Data block>
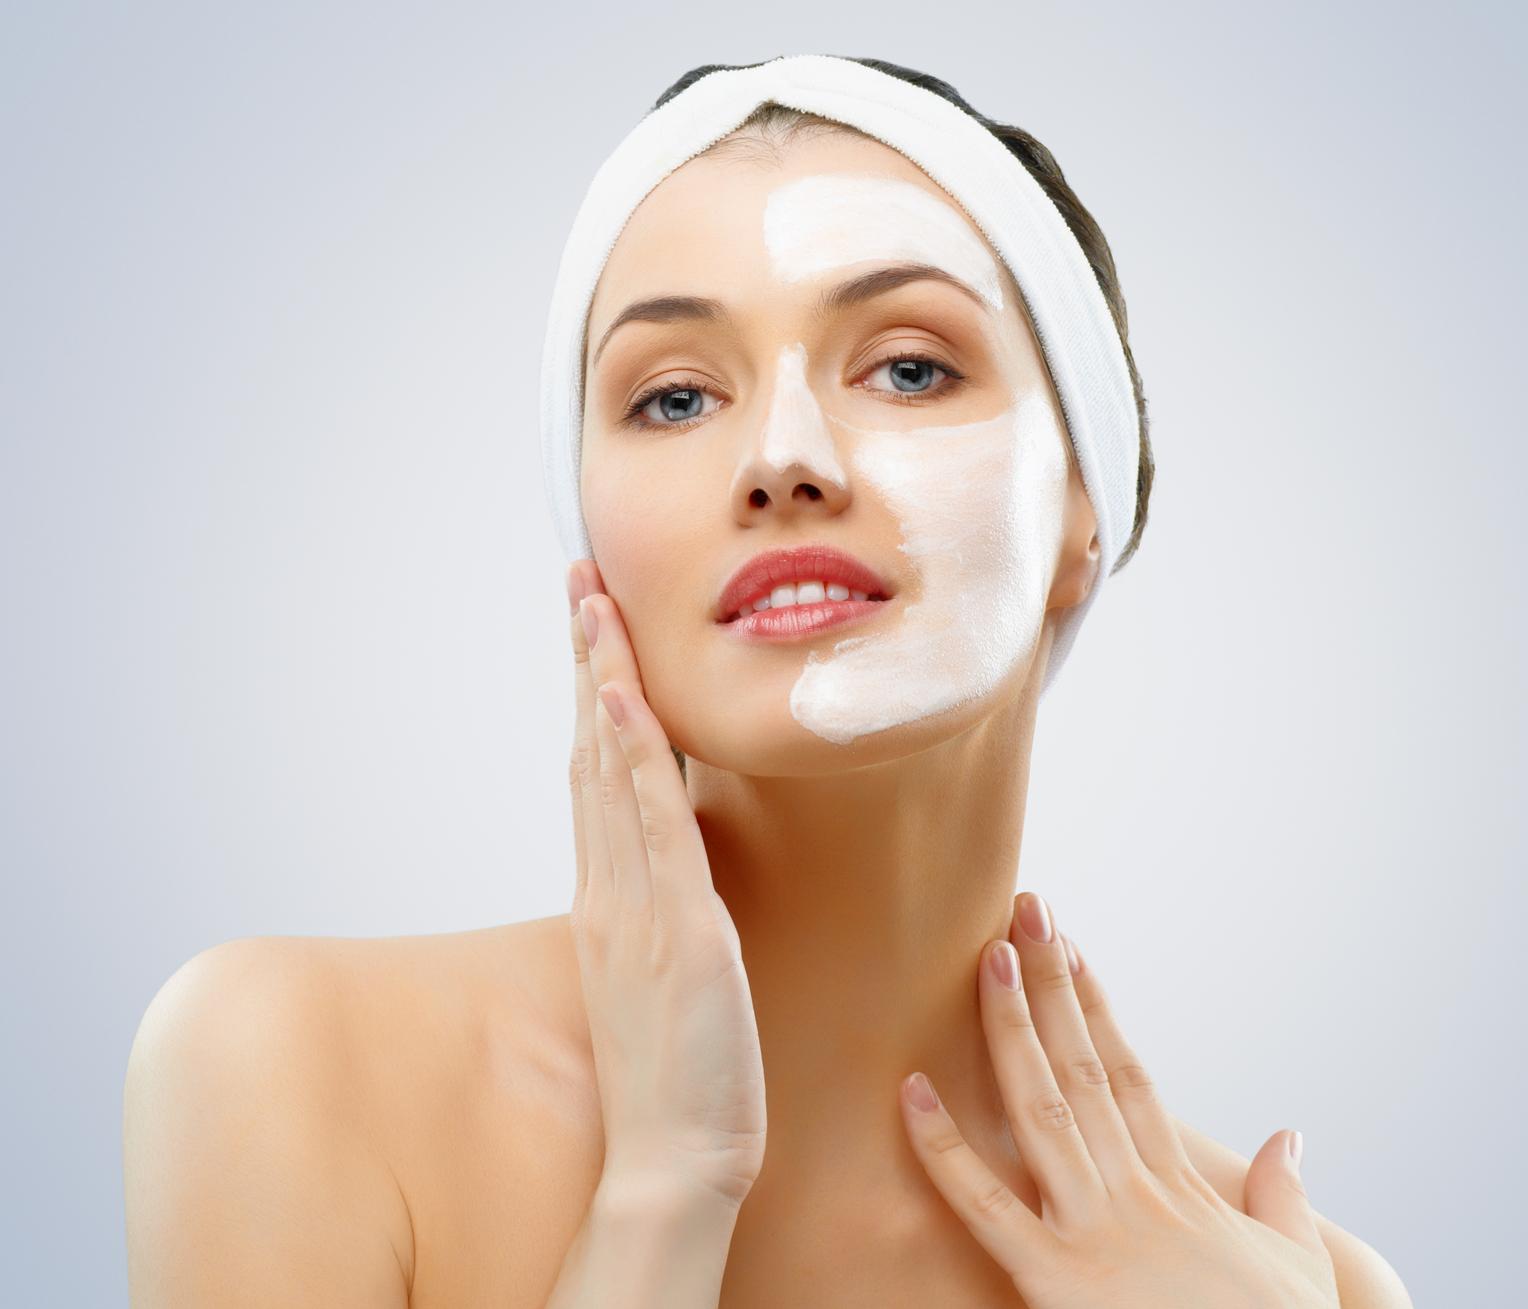 A beginner's guide to creating natural skin care recipes ca-greenbizalliance.com.
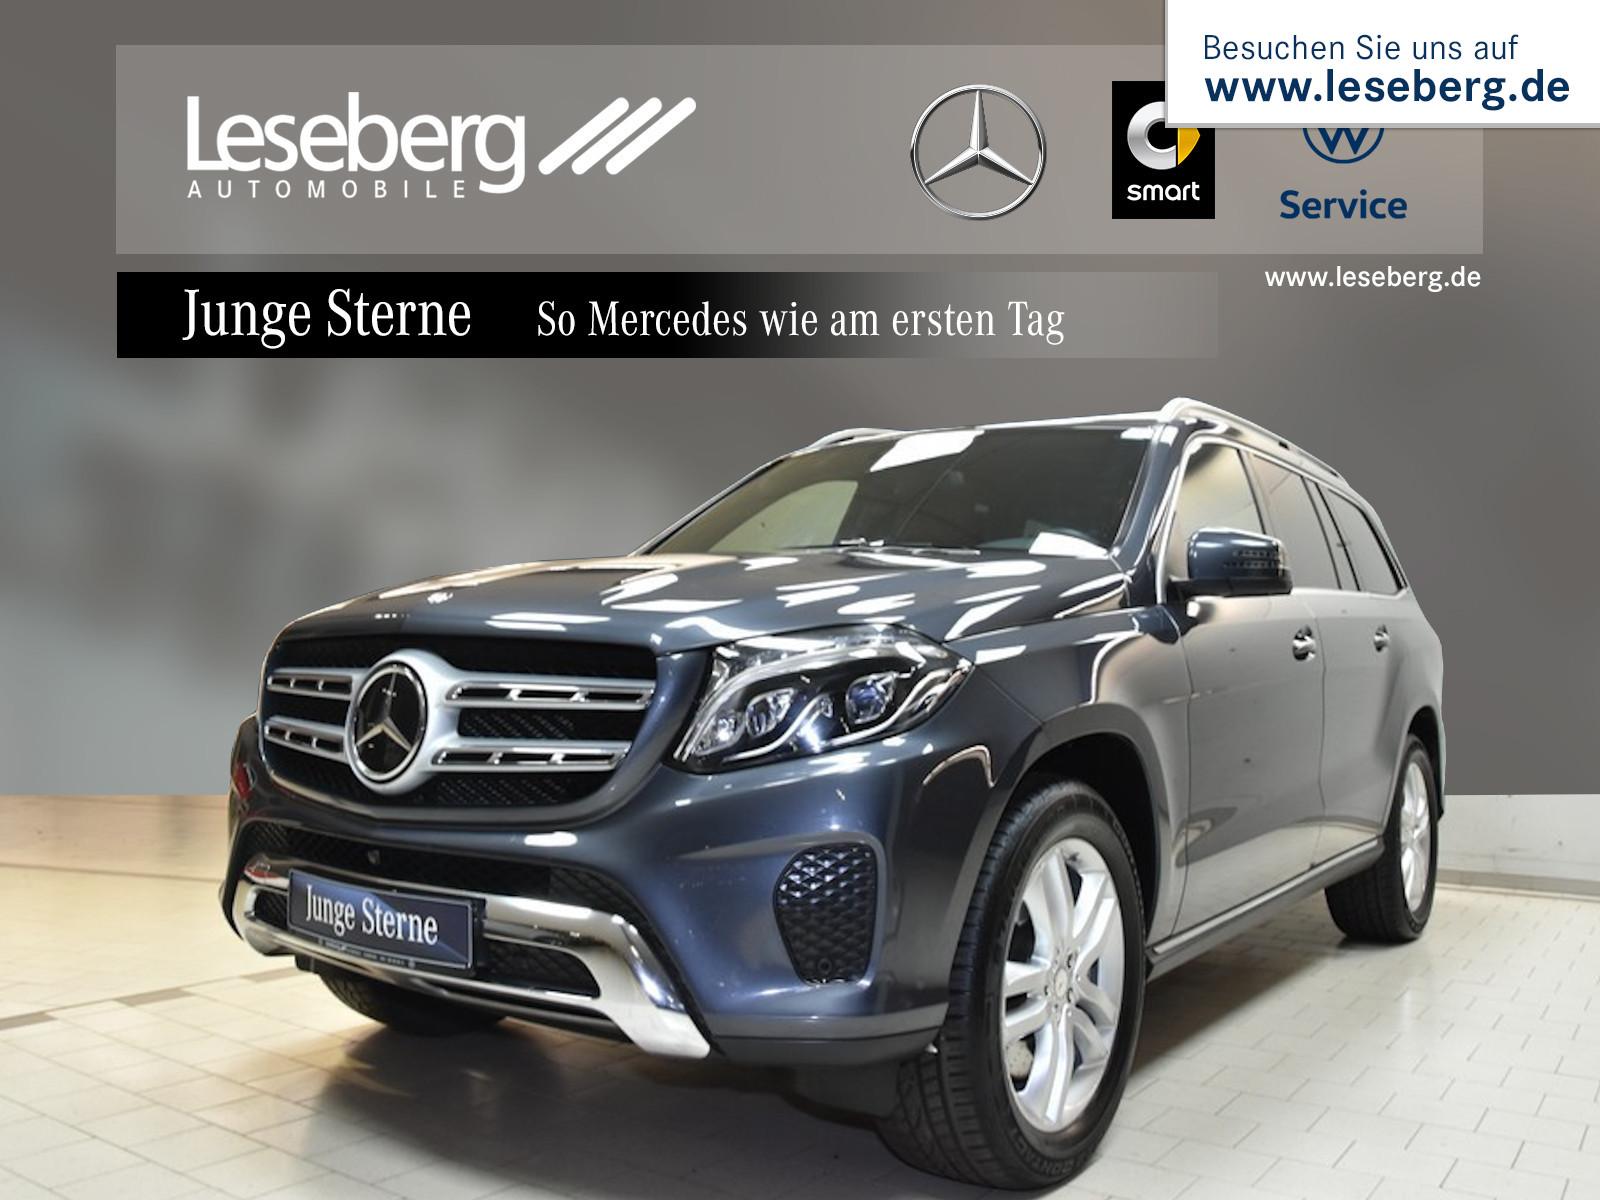 Mercedes-Benz GLS 500 4M Distr/SHD/360°/Fond Entertaiment/AHK, Jahr 2016, petrol
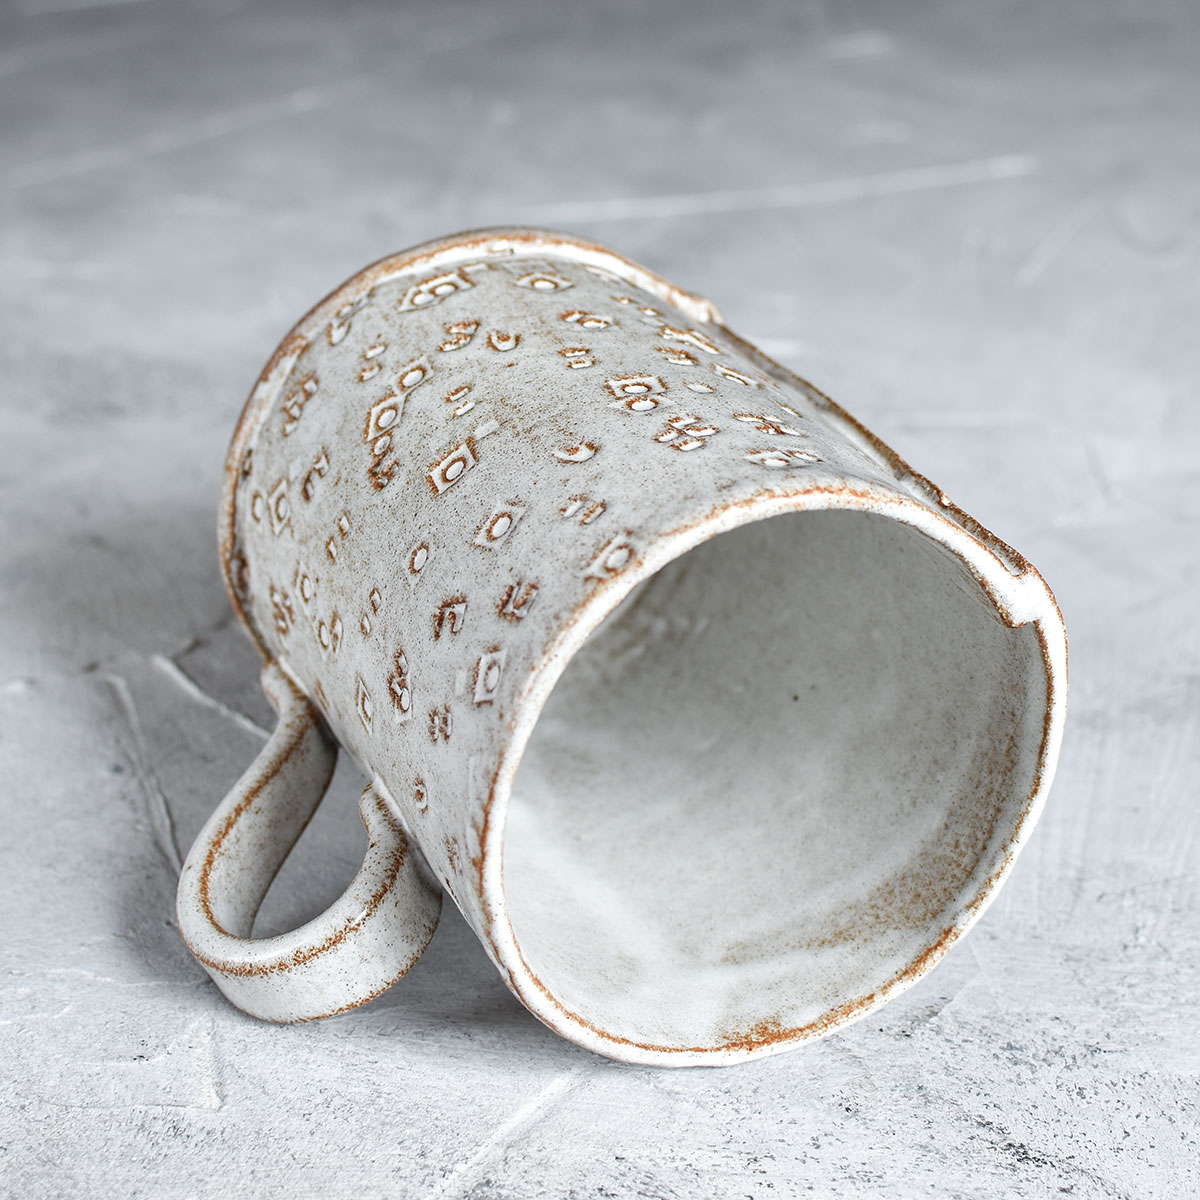 картинка Кружка из пласта с рельефом 1 - DishWishes.Ru

Work required>
From the first line to the last, transcribe the listing exactly; skip the pictures.

Output for this task>
 A beginner's guide to creating natural skin care recipes ca-greenbizalliance.com.
 Mercedes-Benz GLS 500 4M Distr/SHD/360°/Fond Entertaiment/AHK, Jahr 2016, petrol
 картинка Кружка из пласта с рельефом 1 - DishWishes.Ru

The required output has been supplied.